The new record we did in Asheville, North Carolina, at a place called Echo Mountain. One of the reasons we went there was that we’re a seven-piece band and we record live, so we need a lot of space to set up and play. The main room of the church is the main recording room, so there was plenty room. There were plenty of little side rooms as well, being a church, for isolation rooms for amps and other instruments. Our producer Ryan Hewitt had worked there before with The Avett Brothers and recommended it.

Talk about your gear set-up on the new album.

I used Satellite amps for most of the album, and I used a bunch of guitars. The studio had a bunch of vintage guitars as well.

The studio had this really cool Marshall; it was an “Offset,” they kept calling it. It was black and white and the logo and the knobs were kind of offset. That thing just sounded really good. There’s only, like, four of them that were made originally, and Eric Clapton has one, so that was really cool. Kind of intimidating, though, because I didn’t want anything bad to happen to it [laughs].
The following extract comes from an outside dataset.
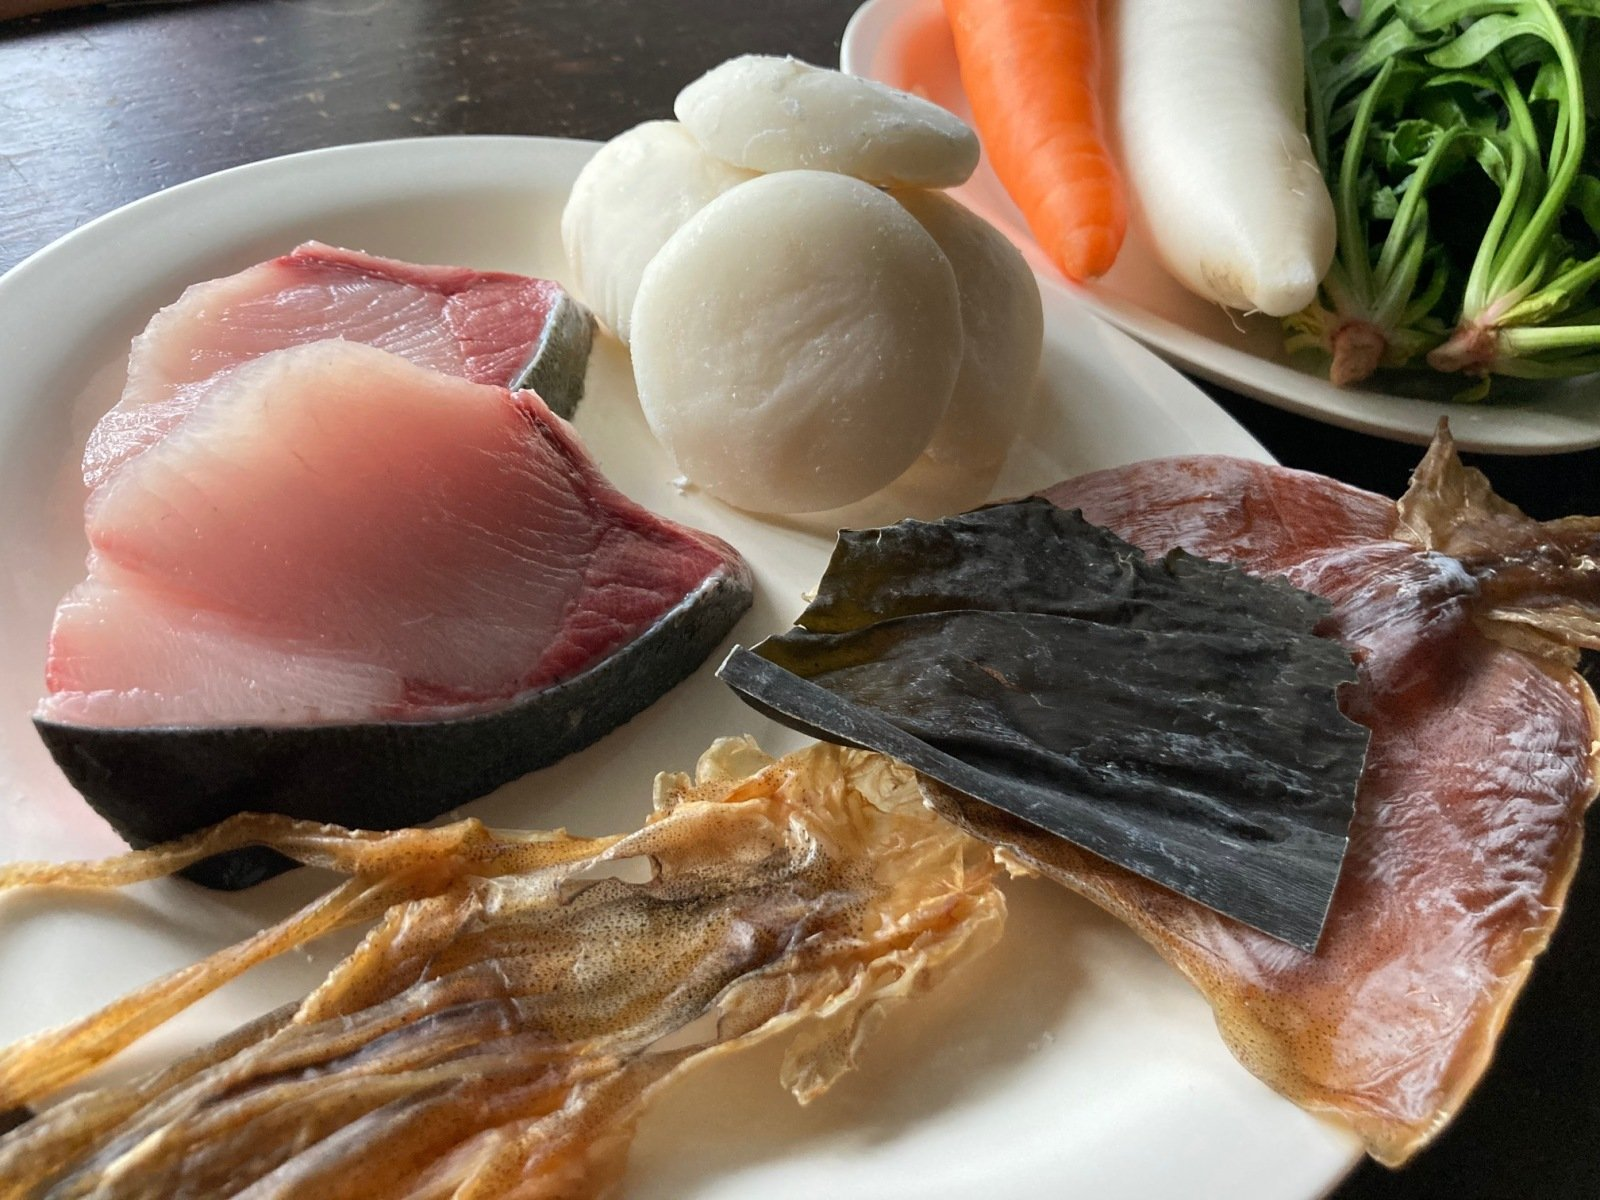 岡山県北の雑煮の材料

My main guitar is a Fender Telecaster -- a ’93 Tele Plus -- but I’ve done a lot of work to it so it really is my guitar. It’s got a Gretsch FilterTron pickup in the bridge.

Then I ran into Nash guitars and struck up a relationship with them, and they made these two guitars I use now. They’re like Telecasters but with Jazzmaster necks and a FilterTron pickup in the bridge. He does such a great job “relic-ing” guitars.
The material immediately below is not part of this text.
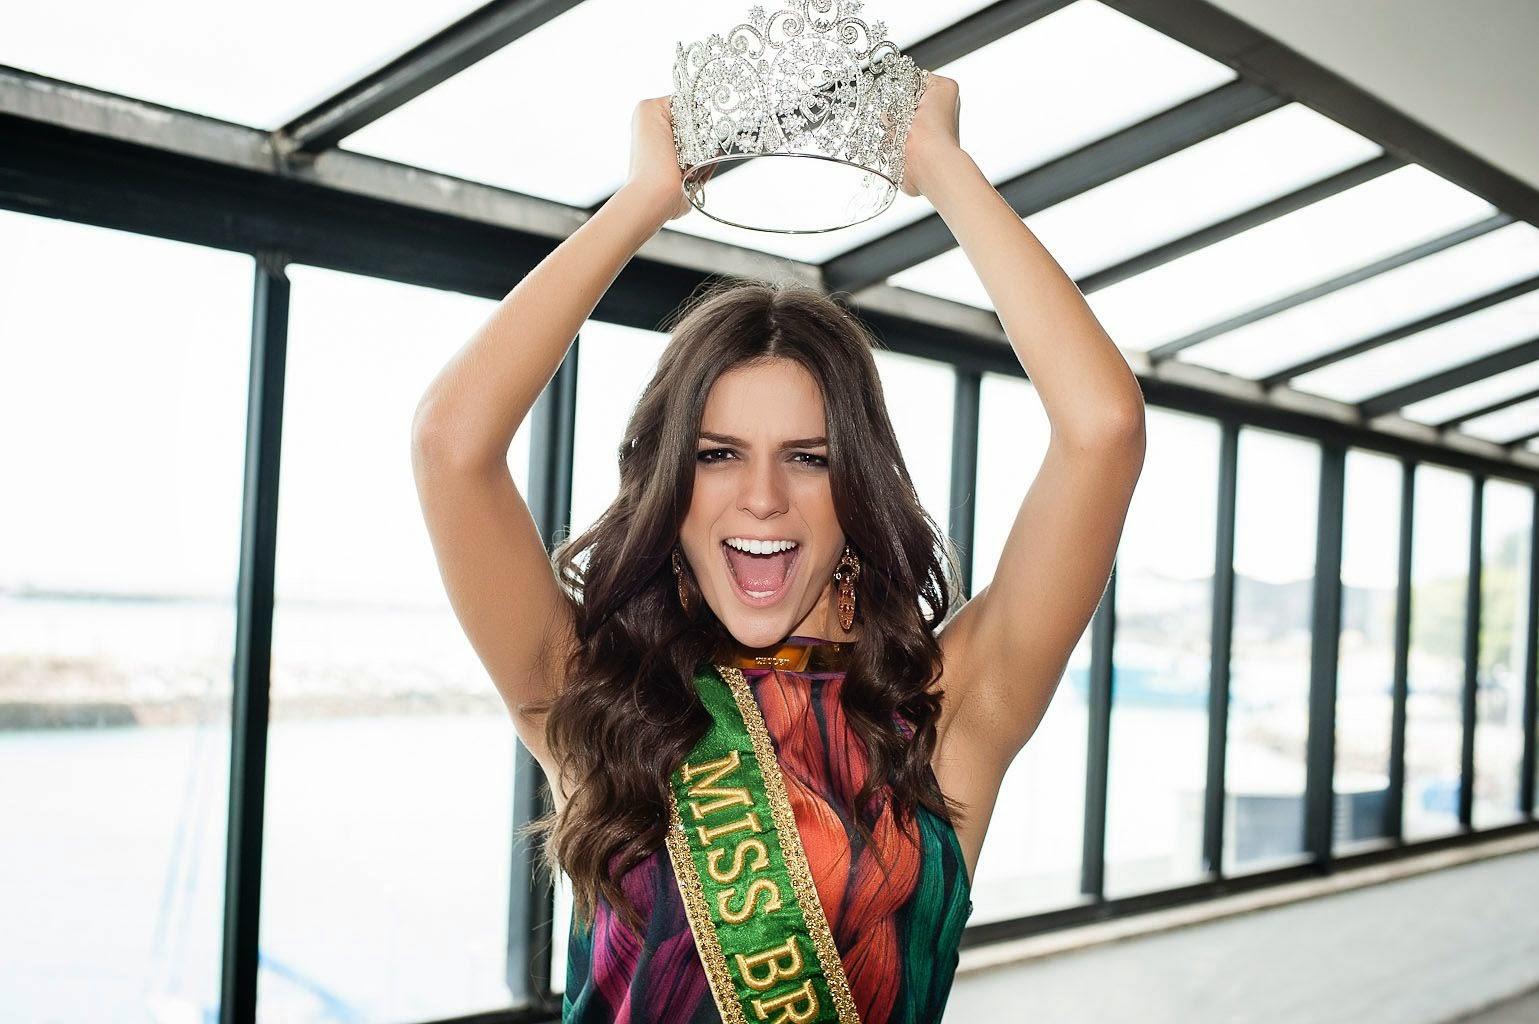 Miss Universo 2018 Quem Ganhou >> MISS PARANÁ BE Emotion 2018: O BRASIL TEM REPRESENTANTE NO MISS UNIVERSO 2014

The band is a seven-piece with a lot of melodic instruments, so you’re not a typical “lead” guitarist. How do you see your role in the band as a guitarist?

That’s a great question because when I first joined [Flogging Molly], I was used to playing in bands like you’re talking about -- four-piece bands where I was the only guitarist. In bands like that, you have so much space to fill and effects you can use without cluttering up the sound. This band, it’s the exact opposite challenge!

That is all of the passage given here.